Economists Predict a Minor Interest Rate Hike by Midyear

Most economists expect a modest rise in interest rates by the middle of this year, according to the latest American Banker Yield & Rate Survey. More than half the economists queried said they expect the Federal Reserve to lift a key short-term rate, the federal funds rate, by a quarter point, to 5.5%, from 5.25% currently. "I'm anticipating a slight mid-course correction, probably at the Fed's May meeting," said Wayne M. Ayers, chief economist at First National Bank of Boston, the flagship unit of Bank of Boston Corp. While the move itself would not be dramatic, the effect on the financial markets could be vivid, he noted. Currently, investors seem to be anticipating no near-term action by the Fed. Mr. Ayers said he sensed that Fed Chairman Alan Greenspan and other governors of the central bank had begun sending subtle signals of a rate move. "The rhetoric from the Fed has been very interesting, and not much different in some ways from late 1993," he said. In early 1994, the Fed began raising rates, as it explained then, to hold off incipient inflation.

Mr. Ayers said he expects nothing close to the doubling of the federal funds rate that occurred in 1994-95. "I expect 50 basis points or so in two moves," he said. Also watching the Fed's words closely is Kenneth Mayland, chief economist at KeyCorp, Cleveland. "In the latest minutes of their (monetary policy) meetings, they speak of not needing to make an anticipatory move yet," he said. "The key words for me are 'anticipatory' and 'yet.' " Mr. Mayland, too, said he now expects a rate move at the May 20 meeting of the Federal Open Market Committee.

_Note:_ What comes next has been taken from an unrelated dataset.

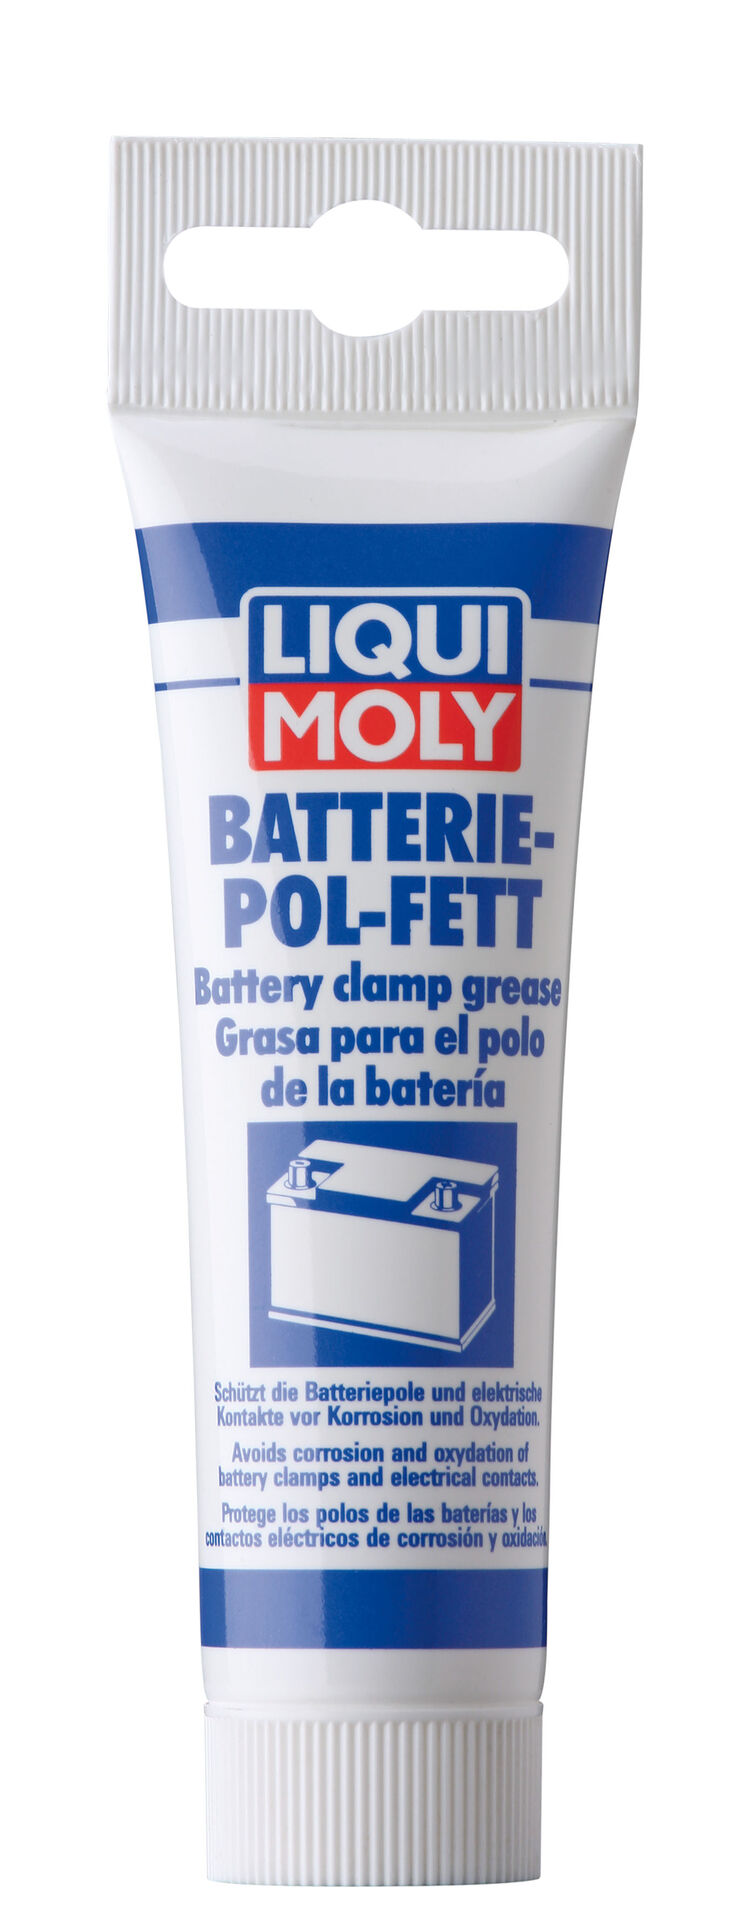 0,05l Liqui Moly Batterie-Pol-Fett 3140, Sonstige Fette

The panel next meets in March but probably will continue to wait for more data from the first quarter, he said. Some economists think the Fed will be much further along by midyear. William Dudley of Goldman, Sachs & Co. sees a 6% fed funds rate; Dana Johnson of First Chicago NBD Corp. expects 5.75%. A few others think the Fed will continue in a holding pattern unless serious new developments warrant action. "The Fed hasn't changed rates in a year, even though the economy has accelerated, slowed, accelerated again, and now appears poised for another slowdown," said Nicholas S. Perna, chief economist at Fleet Financial Group Inc., Boston. Meanwhile, "inflation has been remarkably steady," he noted, and recent votes among Fed policymakers to leave rates untouched have been unanimous.